Kopie historische pronkbeker komt eindelijk naar Buren
BUREN. Bijna 25 jaar is directeur Jan Thijsen van het Museum Buren en Oranje bezig geweest om de befaamde historische pronkbeker van Maximiliaan van Egmond terug naar Buren te krijgen. Ten langen leste is de museumdirecteur in zijn pogingen geslaagd. „Het is onze bedoeling de bokaal tijdens de viering van ons 25-jarig jubileum, komend voorjaar, te presenteren.”
Dat het niet om de echte beker gaat maar om een kopie, daar maalt de museumdirecteur niet om. „Het is een zaak van de lange adem geworden. We hebben zo lang geprobeerd die bijzondere beker terug te halen naar de plaats waar deze vandaan kwam.”

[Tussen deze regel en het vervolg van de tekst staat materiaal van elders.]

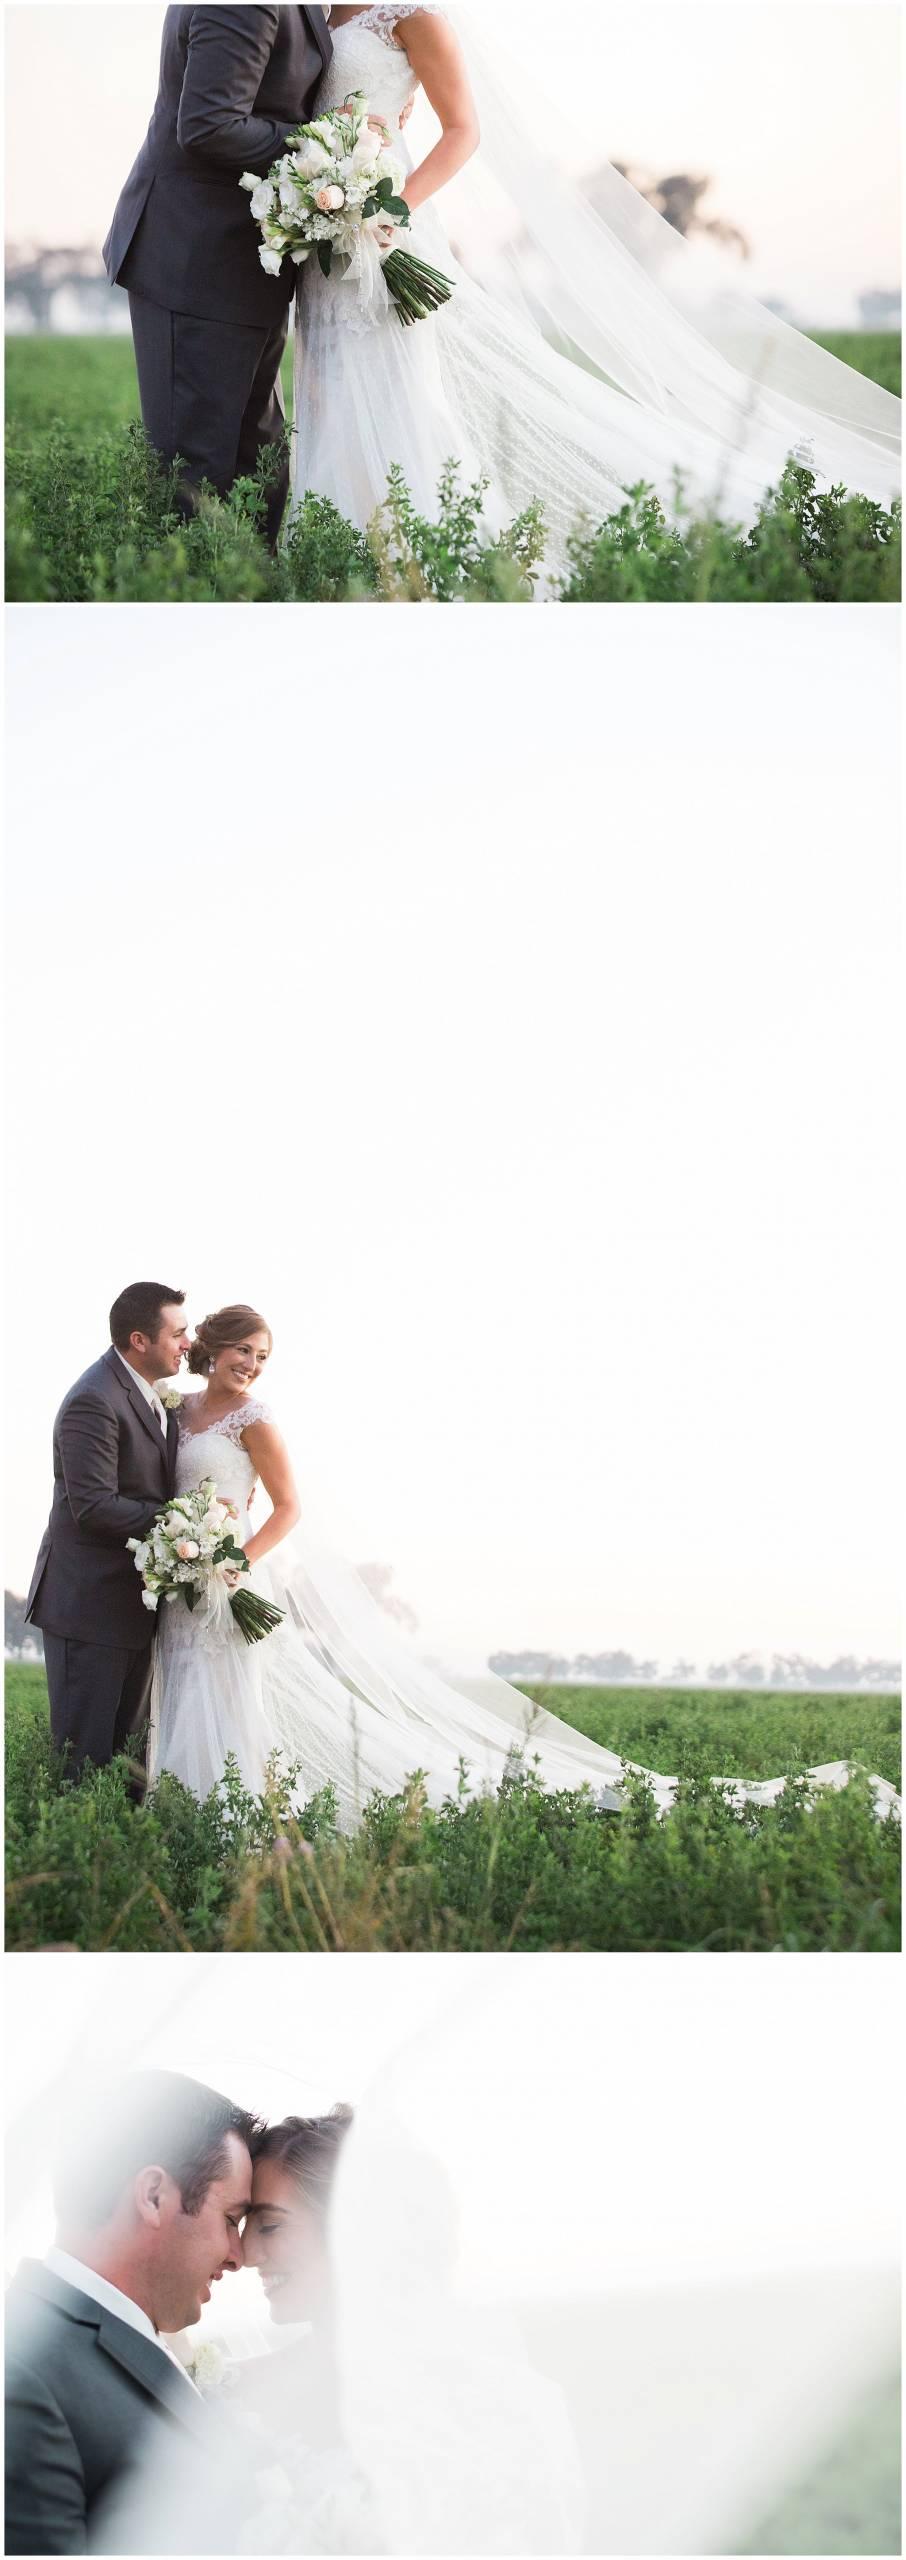 Kelcie & Devin Wedding Third Element Photography & Cinema Koetsier Ranch Visalia Tulare Fresno Hybrid Film Wedding Photographer_0024

Met recht een bijzondere beker, want er is een prachtig verhaal aan verbonden. In de 16e eeuw was het voor een vooraanstaand persoon een gebruik grote geschenken te geven aan iemand veel voor hem betekende. Zo gaf Karel V een pronkbeker aan Maximiliaan van Egmond, graaf Van Buren. „Het is een van de mooiste historische voorwerpen uit de geschiedenis van Buren”, benadrukt Thijsen.
De graaf van Buren was een gevierd hoveling van de keizer, aldus de museumdirecteur. „Karel V benoemde hem tot stadhouder van Friesland, Overijssel en Groningen en bovendien tot kapitein-generaal van de Nederlanden.”
Die hoge positie zorgde ervoor dat Maximiliaan regelmatig ten strijde trok. Zo vocht de graaf in 1544 aan de kant van koning Hendrik VIII van Engeland tegen de Franse koning. „Na de succesvolle tocht overlaadden beide strijdmakkers elkaar met cadeaus. De graaf van Buren schonk Hendrik een fraai kanon; een kopie ervan bevindt zich nog altijd naast ons museum.”
Twee jaar later zag het er voor keizer Karel minder florissant uit. Ergens diep in het Zuid-Duitse Beieren belaagde een vijandelijk leger hem. Een postduif bezorgde zijn noodkreet op de binnenplaats van het kasteel in Buren: „Help me.”
Dat was niet tegen dovemansoren gezegd. „In een ommezien rekruteerde Maximiliaan uit het graafschap Buren en omliggende landschappen 800 man. Na een 1000 kilometer lange veldtocht bereikte hij Ingolstadt, waar hij met 30.000 soldaten en 7000 ruiters zijn keizer ontzette.”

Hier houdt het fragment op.